By Monica Heger
Researchers from Harvard University and the University of Melbourne have used candidate gene-prediction algorithms combined with targeted sequencing on the Illumina Genome Analyzer to identify novel causal mutations in the mitochondrial disease human complex I deficiency, a respiratory disorder that cause skeletal muscle myopathy, cardiomyopathy, hypotonia, and other clinical manifestations.
In the study, published this week in Nature Genetics, the researchers sequenced 103 candidate genes in a cohort of 103 cases and 42 controls. In 60 of the cases, there had not been a molecular diagnosis, and the researchers were able to uncover the molecular cause in 13 of those cases, including identifying two previously unreported causal mutations. In total, the team identified 47 unique mutations in 20 different genes that appear to be associated with the disease.
The researchers said the method could be a good way to identify causal mutations for complex diseases because it enables the sequencing of many different genes in larger cohorts, without being prohibitively expensive.
“I think approaches like this will be popular in the next few years for certain groups of disease, such as heart disease, mental retardation, neurological disease, and cancer,” said David Thorburn, head of mitochondrial research at Murdoch Childrens Research Institute in Melbourne and a senior author of the study.
Those diseases have a strong genetic component, but typically involve hundreds of genes — unlike Mendelian diseases, for which whole-genome and whole-exome sequencing have worked well to find causal mutations by sequencing only a small number of related individuals (IS 3/16/2010 and 9/29/2009).
In the Nature Genetics study, the researchers first identified 103 genes they wanted to target. They began with 45 genetic subunits known to be involved in the enzymatic activity of the human complex I, said Vamsi Mootha, an associate professor of systems biology at Harvard Medical School and senior author of the paper. “We then used a phylogenetic strategy to identify additional assembly factors,” he said. The team looked at the evolutionary history of complex I, comparing organisms that have the complex to those that don’t, to determine which other genes are likely to be involved in the disease.

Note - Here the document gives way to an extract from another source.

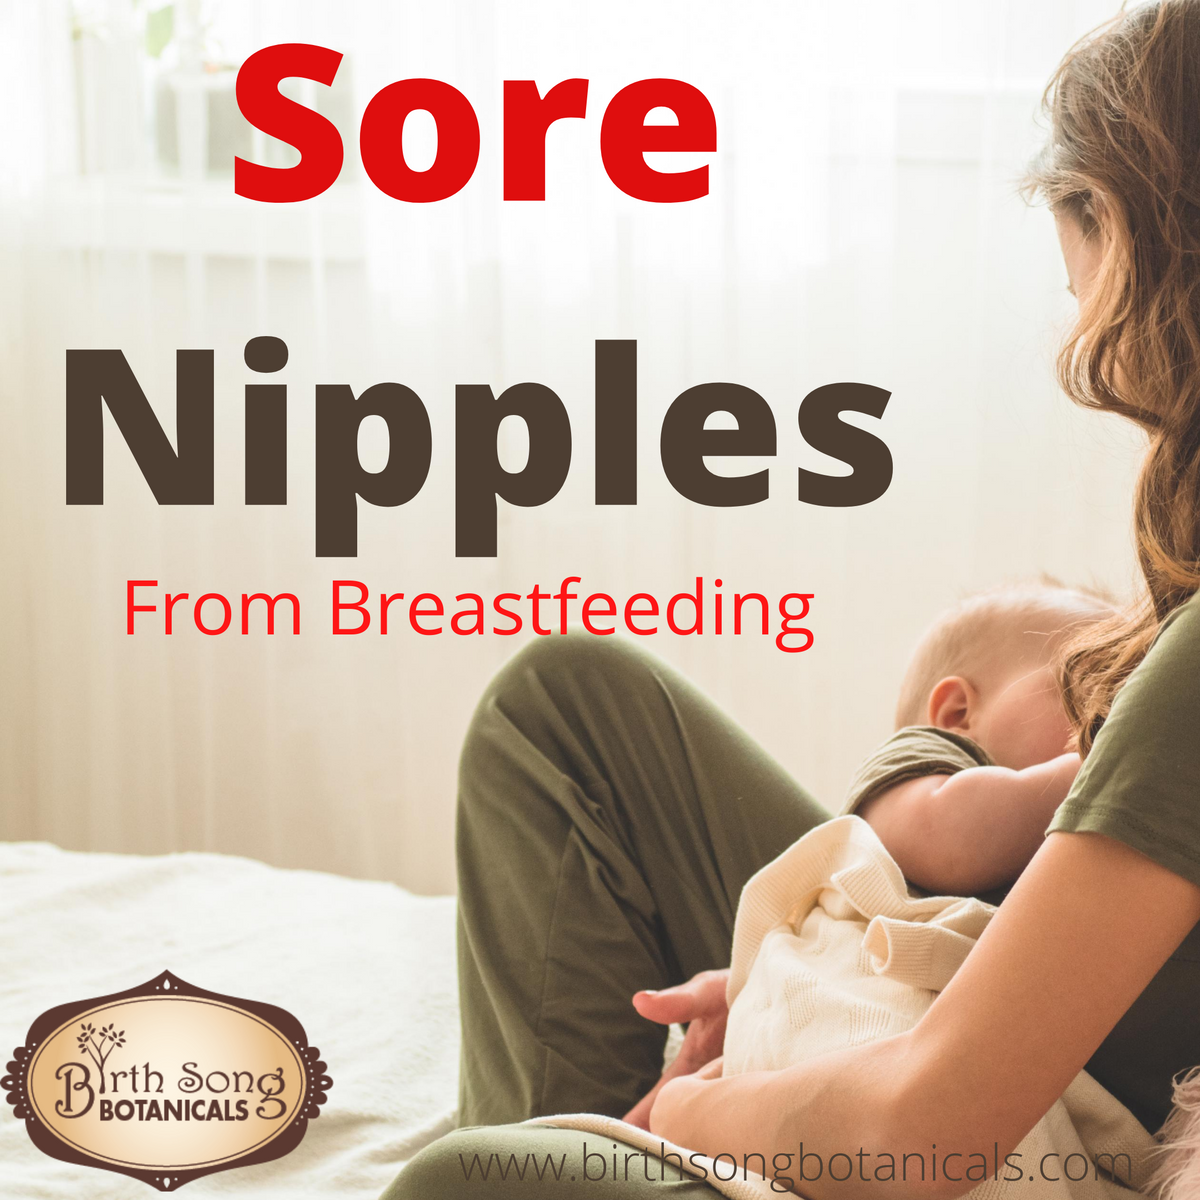 How to Heal Sore Nipples from Breastfeeding– Birth Song Botanicals Co.

They then combined the DNA into five different pools for the cases and two pools for the HapMap controls, and performed PCR amplification reactions to capture the 103 genes, which comprised 145 kilobases of sequence. The resulting amplicons were then sequenced on the Illumina GA with 76-base single-end reads, to an average 168-fold coverage per individual.
Mootha said that since doing the experiment, there have been a number of technology developments that make the protocol easier and more accurate. For instance, the team is now using custom designed reagents on Agilent’s SureSelect platform instead of PCR amplification for target enrichment. Also, in the current study, the team did not barcode its samples before pooling, so after they did variant calling, they had to go back and match the variants to the individual.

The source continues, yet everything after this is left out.